Forgotten Lynching Victims | Mexicans in America

imagesRHUOVHBGHushed-up Lynchings
During the Jim Crow era, the lynching of African Americans throughout the South was so widespread and so well publicized that it was hard to ignore. Newspaper reporters were among the many spectators, and photographers snapped pictures for the postcards they would sell. Though rare, history teachers, briefly and cautiously, mentioned the lynching of black people. But the second most frequent target of mob violence was avoided by those who report news events, by those who made postcards in order to capitalize on vigilante murders, and by those whose job it was to educate America’s young people. From the mid-19th century until well into the 20th century, mobs lynched thousands of Mexicans, not only in states bordering Mexico but also in those well north of the border, including Nebraska and Wyoming. These lynchings were hushed-up, in part because the communities in which the murders occurred did not want it widely known that local authorities and deputized citizens played conspicuous roles. Lynching was not always by people on the margins of a community, and it was not a not a southern peculiarity.

“I hate all Mexicans.”
A letter printed in The Stockton Times on April 6, 1850 exemplifies the racist sentiment of the era: “Mexicans have no business in this country. I don’t believe in them. The men were made to be shot. The women were made for our purposes. I’m a white man—I am! A Mexican is pretty near black. I hate all Mexicans.”
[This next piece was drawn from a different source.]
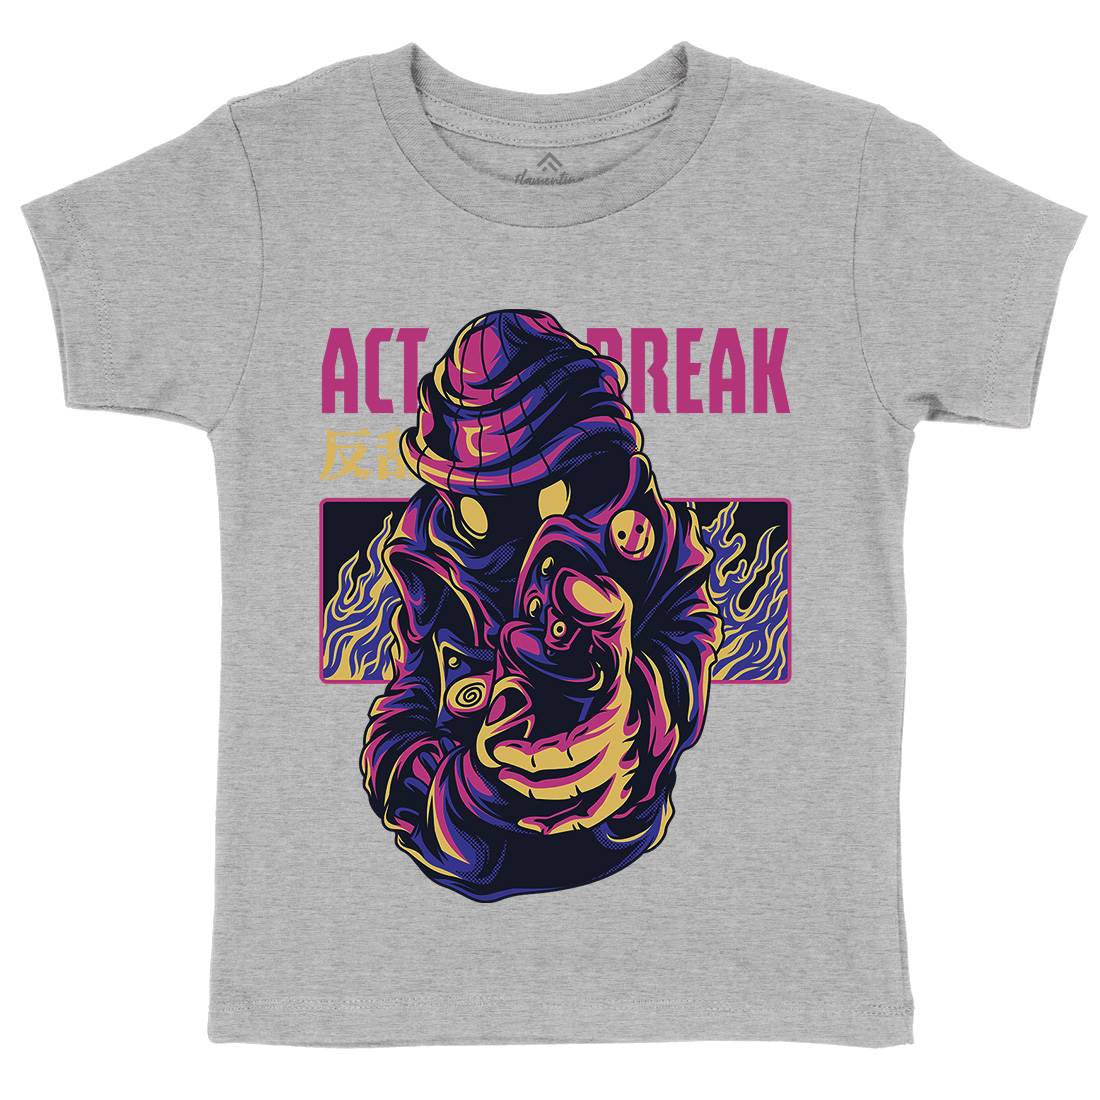 Act Break Kids Crew Neck T-Shirt Graffiti D700

Josepha, The Only Woman Lynched in California
One of few the lynchings of Mexicans to reach public record was that of Josepha Segovia, the only woman ever lynched in California. In many accounts her name was changed to “Juanita,” a stereotypic Mexican name, and there are several discrepancies in the reports about who she was and about the circumstances leading to her 1851 lynching in Downieville, California. Josepha was a petite woman in her twenties. In some accounts she was a  well-respected citizen. In others, in keeping with the Gold Rush era’s American view of Mexican women, she was a “depraved, sexually promiscuous” saloon girl with a vicious temper.

Accused of stabbing a white miner to death, Josepha was brought to trial on July 5, 1851. In some reports, he had broken into her house, presumably to rape her; in others she had invited him in. In one story, Josepha murdered her victim by hiding shards of glass in his food so that she could steal the gold he had mined.
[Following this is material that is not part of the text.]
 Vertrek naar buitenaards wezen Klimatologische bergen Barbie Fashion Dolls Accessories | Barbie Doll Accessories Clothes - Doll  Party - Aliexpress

As soon as the guilty verdict was announced, vigilantes erected a scaffold on the bridge over the Yuba River, and some 2,000 spectators gathered to watch Josepha’s hanging.

William L. Manly inadvertently helped  turn Josepha into a legend when he wrote: “Juanita went calmly to her death. She wore a Panama hat, and after mounting the platform she removed it, tossed it to a friend in the crowd…with the remark, ‘Adios, amigo.’ Then she adjusted the noose to her own neck, raising her long, loose tresses carefully in order to fix the rope firmly in its place; and then, with a smile and wave of her hand to the bloodthirsty crowd present, she stepped calmly from the plank into eternity… “

Josepha’s Legacy
Decades later, Josepha’s story helped inspire the Mexican American Civil Rights Movement of the 1940s and the Chicano Movement of the 1960s.

Lynchings in The 21st-Century
With today’s resentment of the increasing Latino population in the U.S., and the heated debate over immigration policy, the history of anti-Mexican violence makes clear that racial hatred does not endanger African Americans alone, nor does it have geographic boundaries. Nor does it exclude children.

On October 22, 2013, thirteen-year-old Andy Lopez was walking across a vacant lot in Sonoma, California, carrying an airsoft gun. Two police approached him from the rear. One fired eight shots, four of which hit Andy from behind. The officers then handcuffed the dying child. Later, the district attorney did not charge the shooting officer, concluding that his behavior was “a reasonable response.”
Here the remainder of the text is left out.